- _Work required_
Give the whole listing below once more, exactly, without pictures.

── Data extract

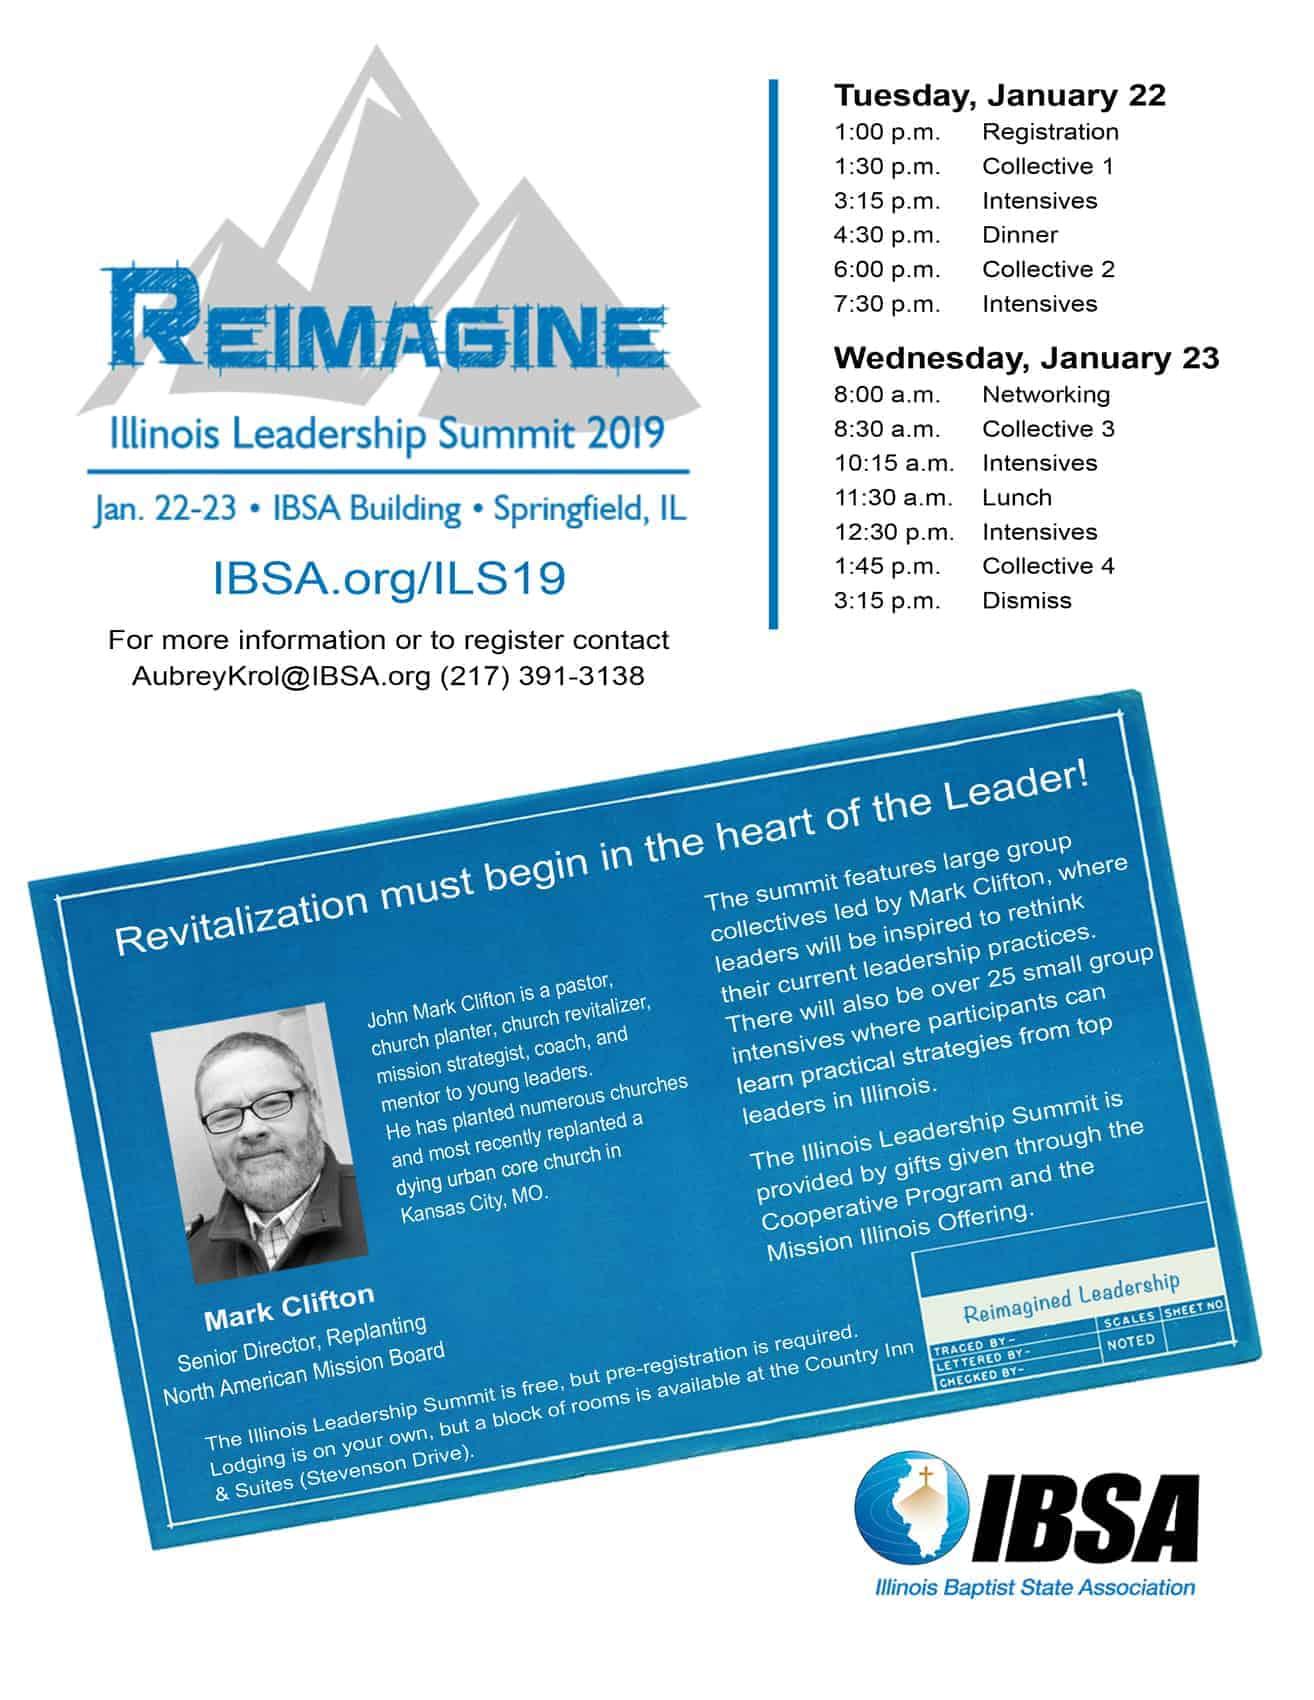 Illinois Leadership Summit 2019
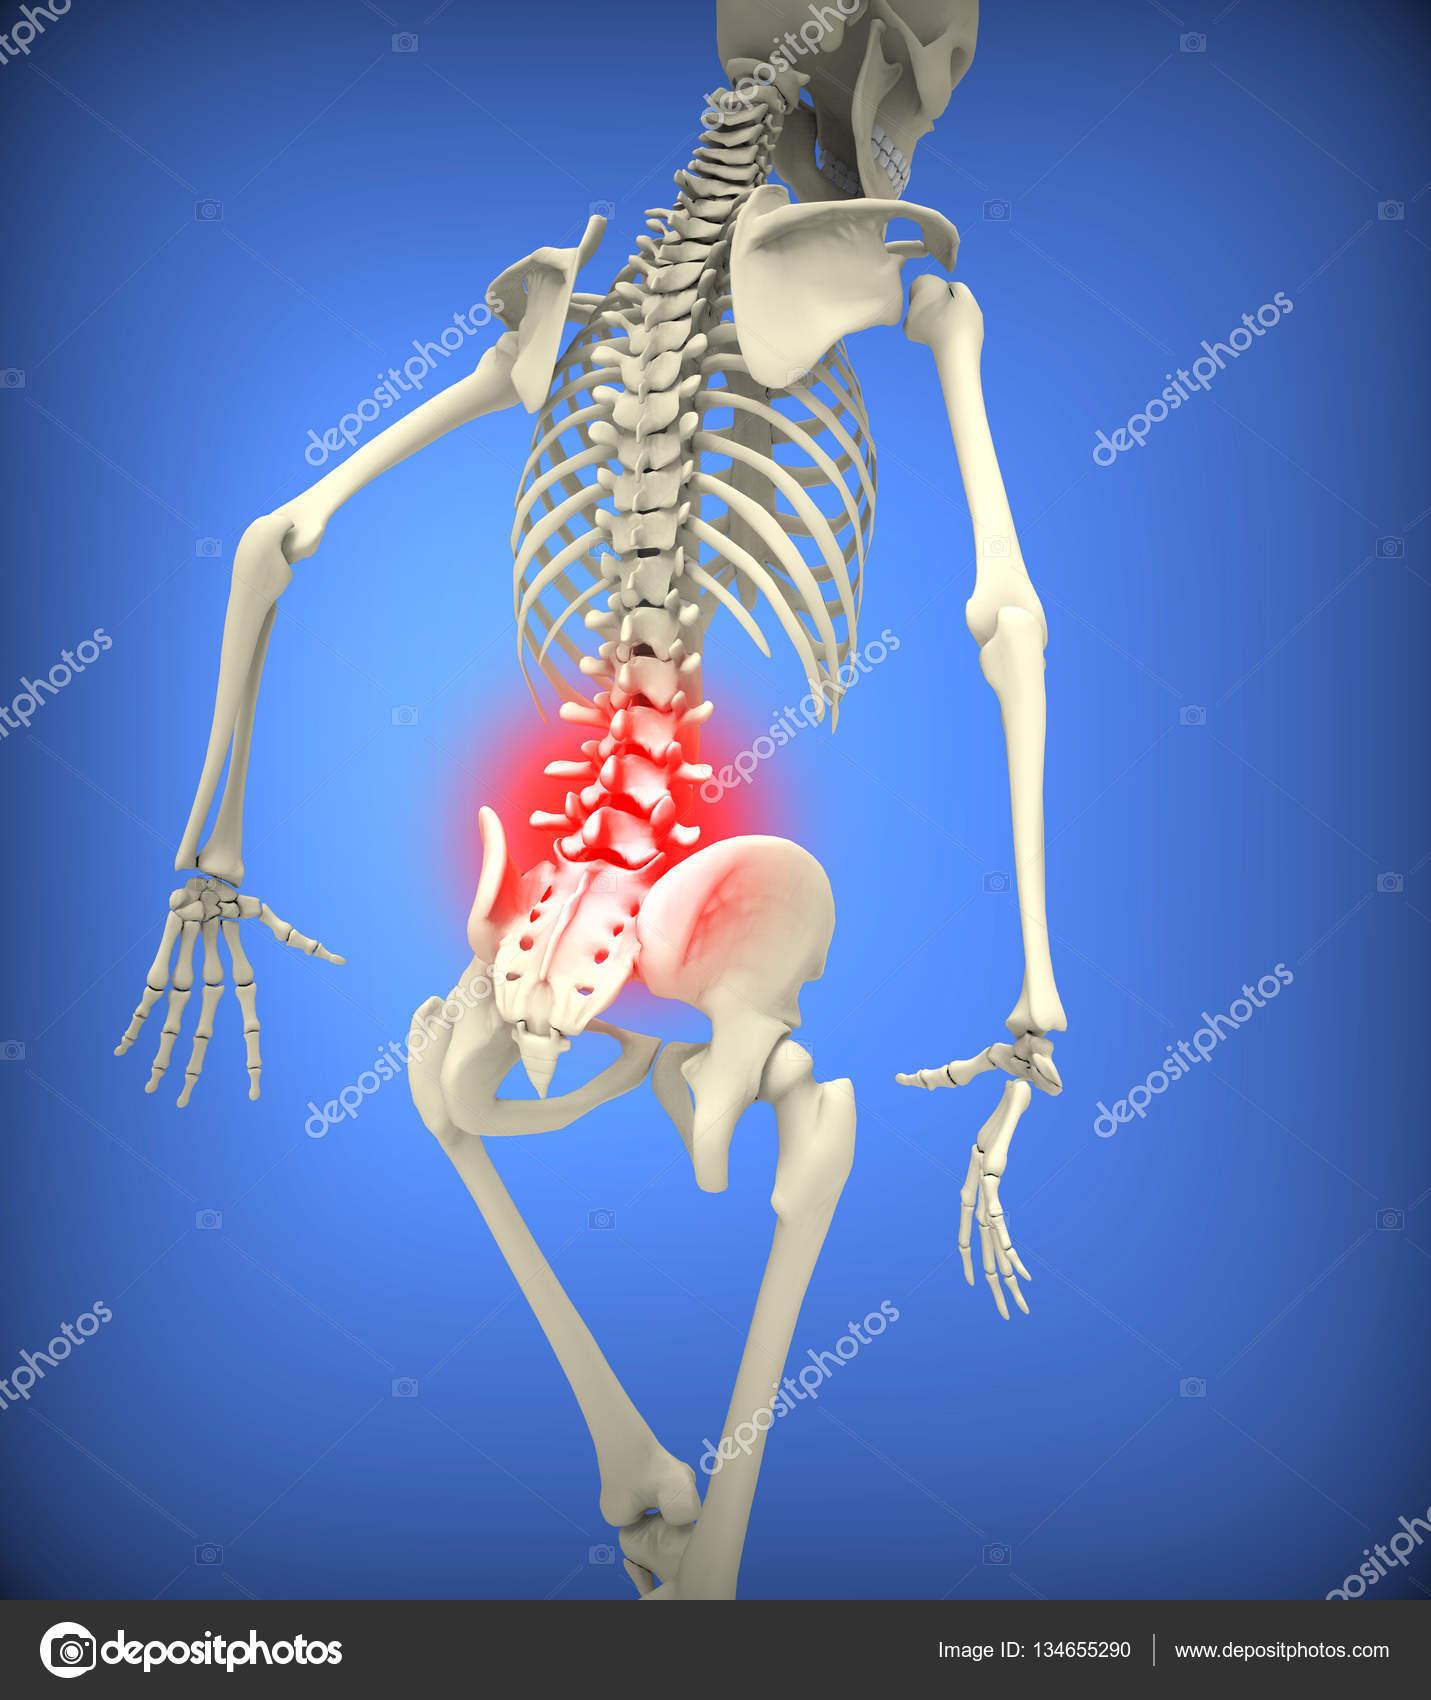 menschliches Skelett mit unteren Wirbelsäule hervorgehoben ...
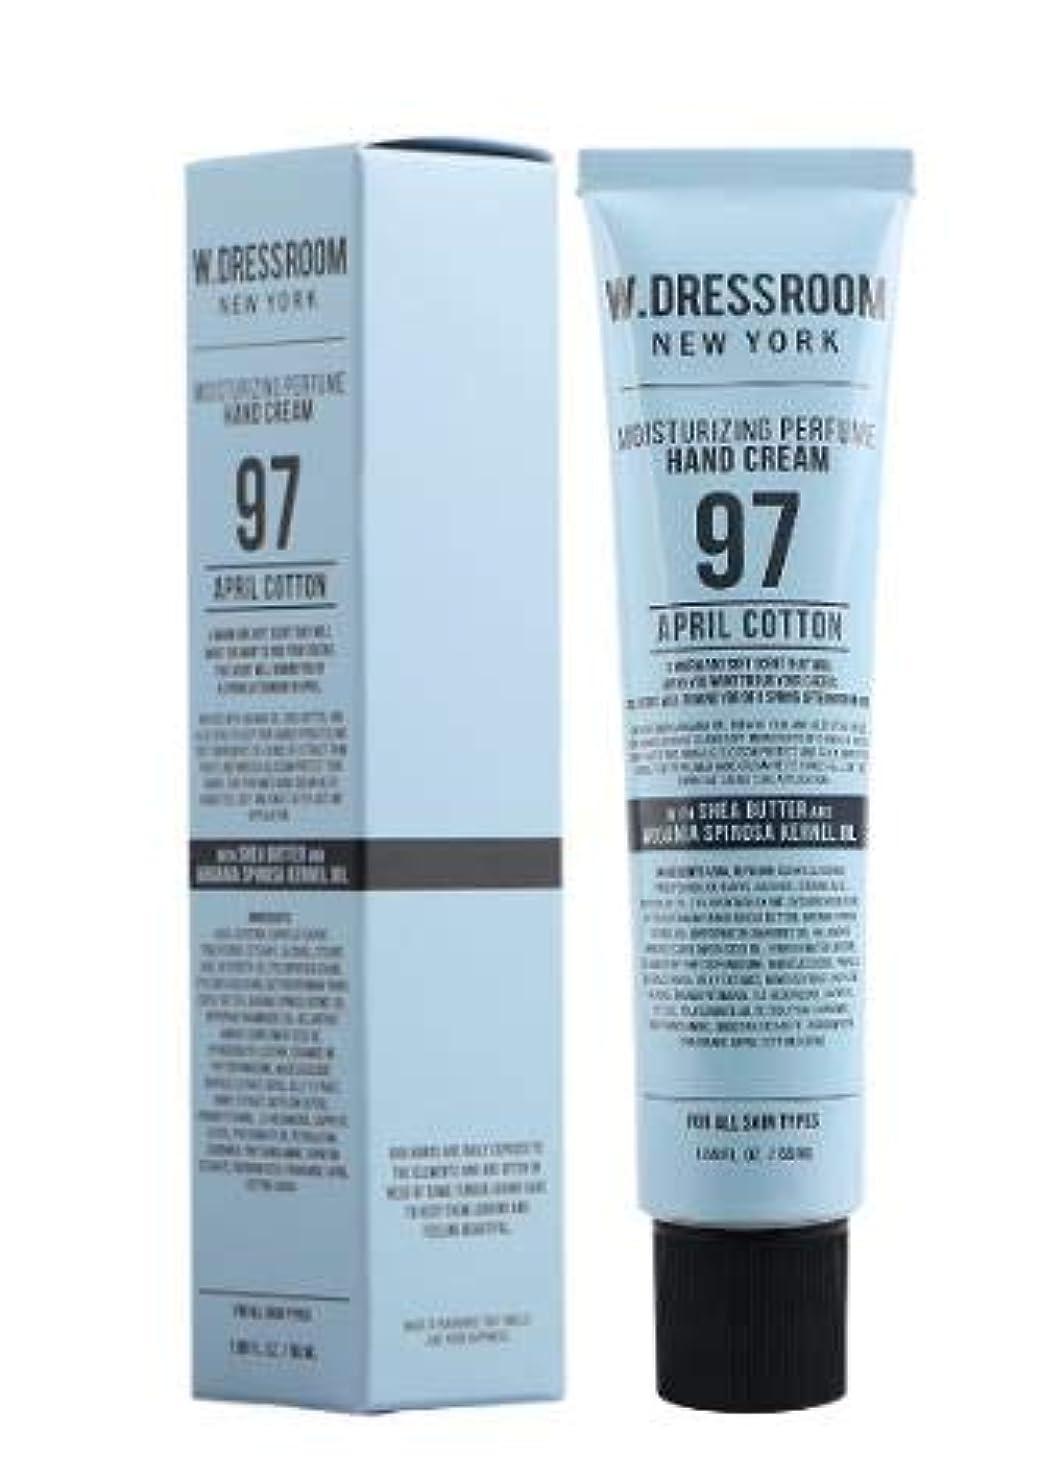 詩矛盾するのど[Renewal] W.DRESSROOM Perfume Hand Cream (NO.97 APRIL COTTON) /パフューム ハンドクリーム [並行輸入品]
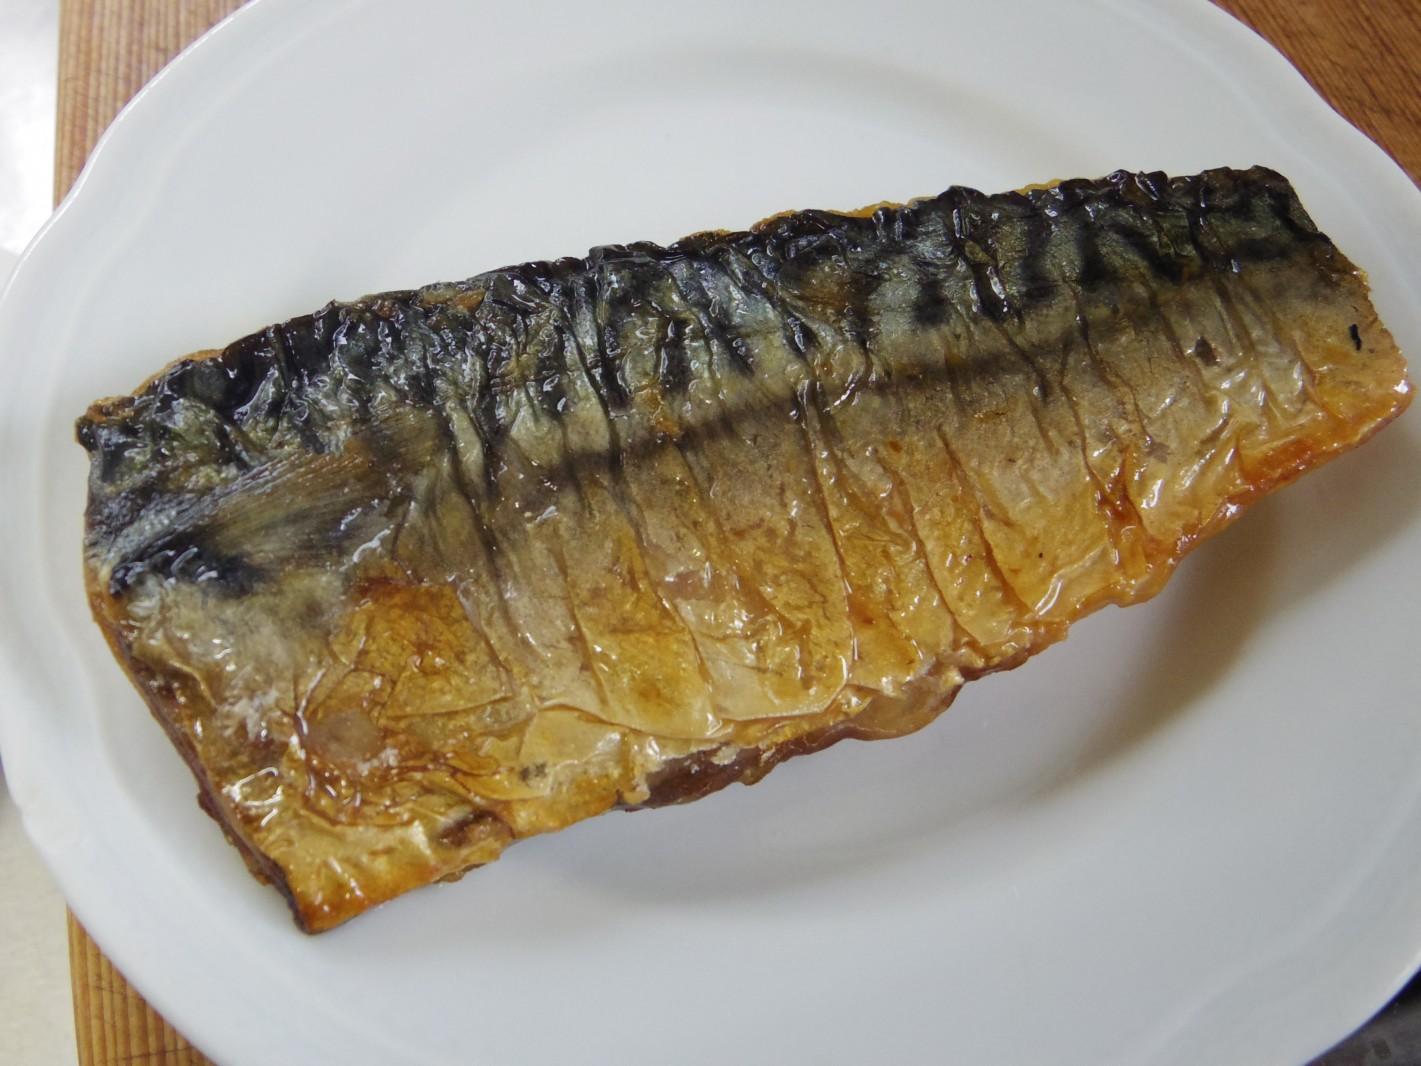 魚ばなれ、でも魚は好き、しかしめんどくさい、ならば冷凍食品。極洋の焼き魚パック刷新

────

- _Answer to the exercise_
 Illinois Leadership Summit 2019
 menschliches Skelett mit unteren Wirbelsäule hervorgehoben ...
 詩矛盾するのど[Renewal] W.DRESSROOM Perfume Hand Cream (NO.97 APRIL COTTON) /パフューム ハンドクリーム [並行輸入品]
 魚ばなれ、でも魚は好き、しかしめんどくさい、ならば冷凍食品。極洋の焼き魚パック刷新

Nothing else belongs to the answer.